Now the considered $f$ is not differentiable at $(0,0)$, and the gradient defined via partial derivatives exists only by coincidence. For any $f$ which is actually differentiable at $(0,0)$ one has $$f(x,y)-f(0,0)=\nabla f(0,0)\cdot (x,y)+o(r)\qquad(r:=\sqrt{x^2+y^2}\to0)\ .$$ Now, if $\nabla f(0,0)=(a,b)\ne(0,0)$ and you choose $(x,y):=(ta,tb)$ with $t>0$ then $$f(ta,tb)-f(0,0)=t(a^2+b^2)+o(t)=t (a^2+b^2)(1+o(1))\qquad(t\to0)\ ;$$ and therefore $f(ta,tb)-f(0,0)$ is $>0$ for sufficiently small $t>0$.

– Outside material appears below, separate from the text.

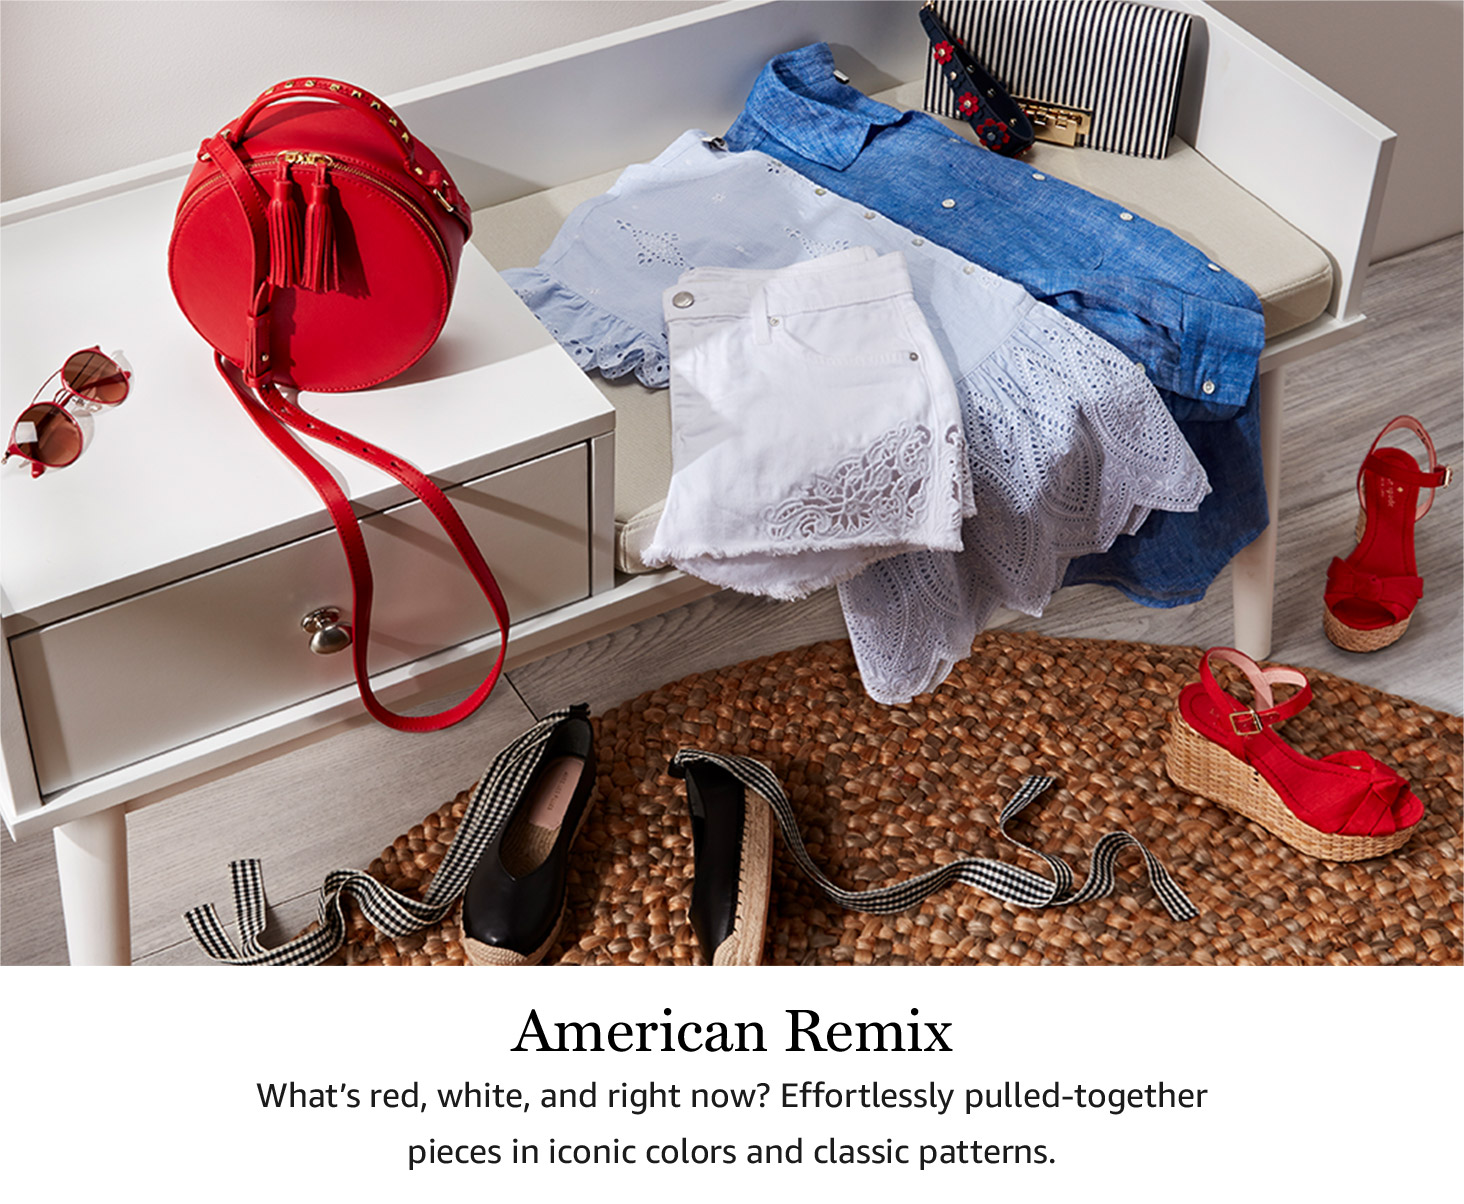 American Remix
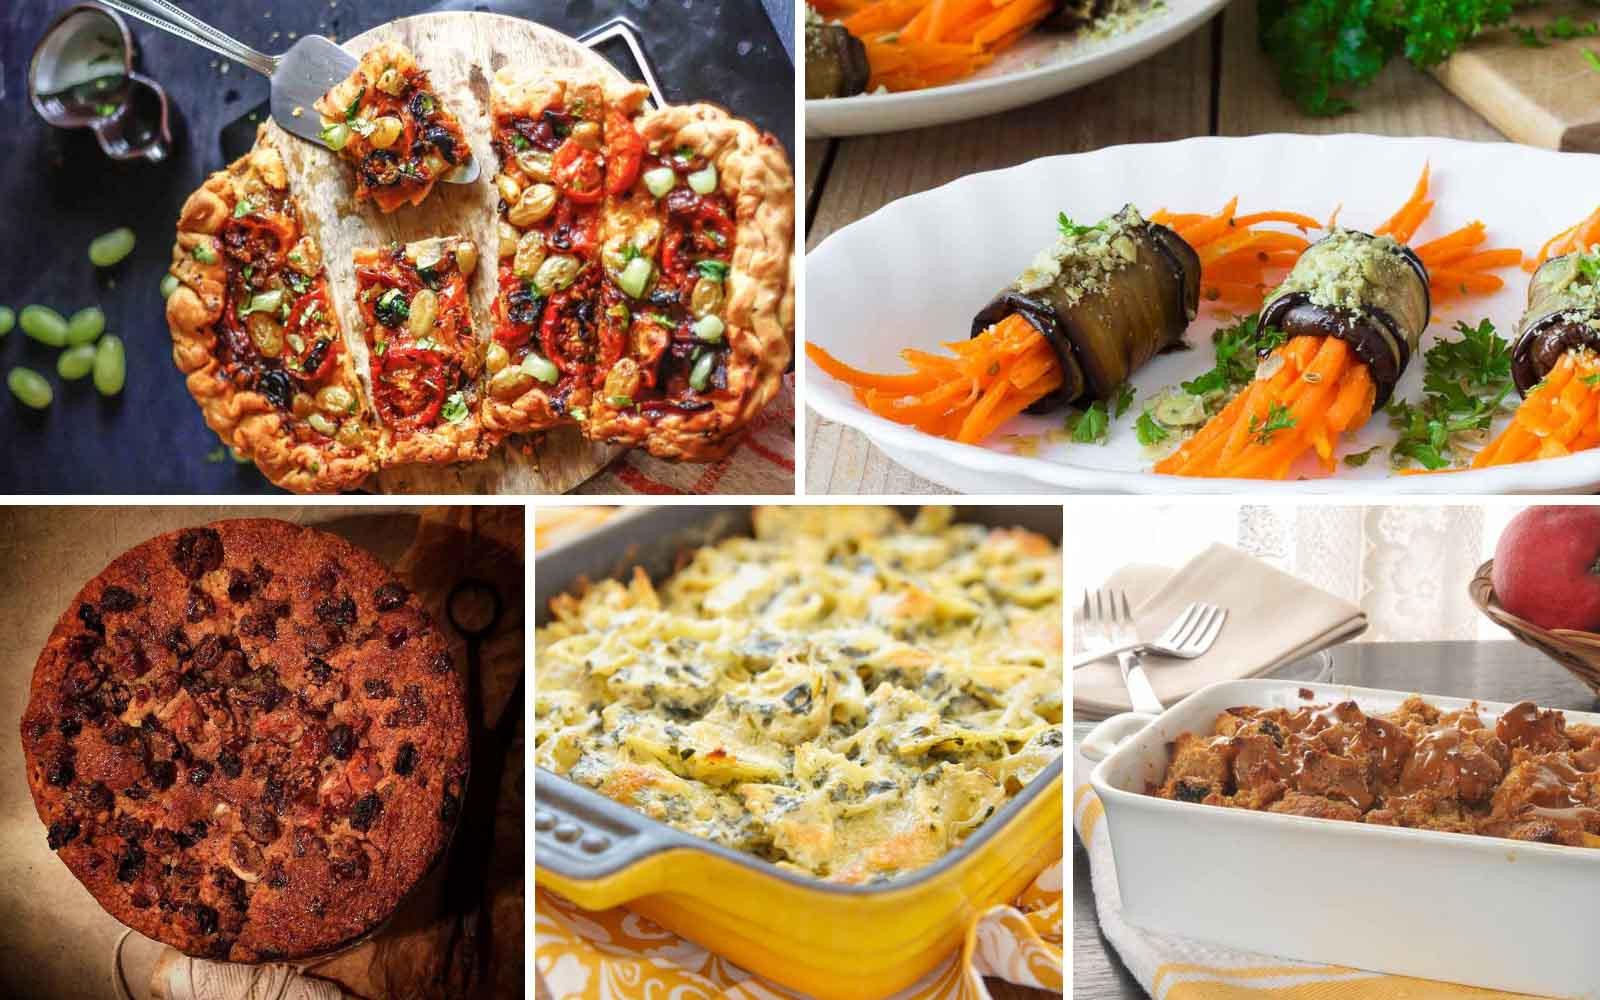 Vegetarian Christmas Dinner  Enjoy A 3 Course Ve arian Christmas Dinner Menu by

I prefer to explain that is slightly different way:
Actually we define gradient to be always pointing to to the maximum increasing direction! take look at the following:
Consider a function $f(x,y)$, then it's full derivative is:
$df(x,y)=\frac{\partial f}{\partial x}dx+\frac{\partial f}{\partial y}dy=\left(\frac{\partial f}{\partial x},\frac{\partial f}{\partial y}\right)\left(dx,dy\right)=\left(\frac{\partial f}{\partial x},\frac{\partial f}{\partial y}\right)\vec{dr}=\left\Vert \left(\frac{\partial f}{\partial x},\frac{\partial f}{\partial y}\right)\right\Vert \left\Vert \vec{dr}\right\Vert \cos\alpha$
so if we consider for simplicity that $\left\Vert \vec{dr}\right\Vert =1$ finaly we get that:
$df(x,y)=\left\Vert \left(\frac{\partial f}{\partial x},\frac{\partial f}{\partial y}\right)\right\Vert \cos\alpha$
So because cosine function is always less or equal to one , we see that the first term is the maximum possible value for our function increase (because that correspond to $\alpha=0$ ) thus if we define this first term as the length of some vector and we name it gradient, then this vector will point out to the direction of maximum possible increase of our function $f(x,y)$.
Intuitively:
if the function is decreasing in one variable, then the partial derivative is negative, so the component vector of the gradient for that variable points in the negative direction - which means increasing function value.
if the function is increasing in one variable, then the partial derivative is positive, so the component vector of the gradient for that variable points in the positive direction - which means increasing function value.
=> Doesn't matter how the function profile is, the gradient, by definition, points in the increasing direction.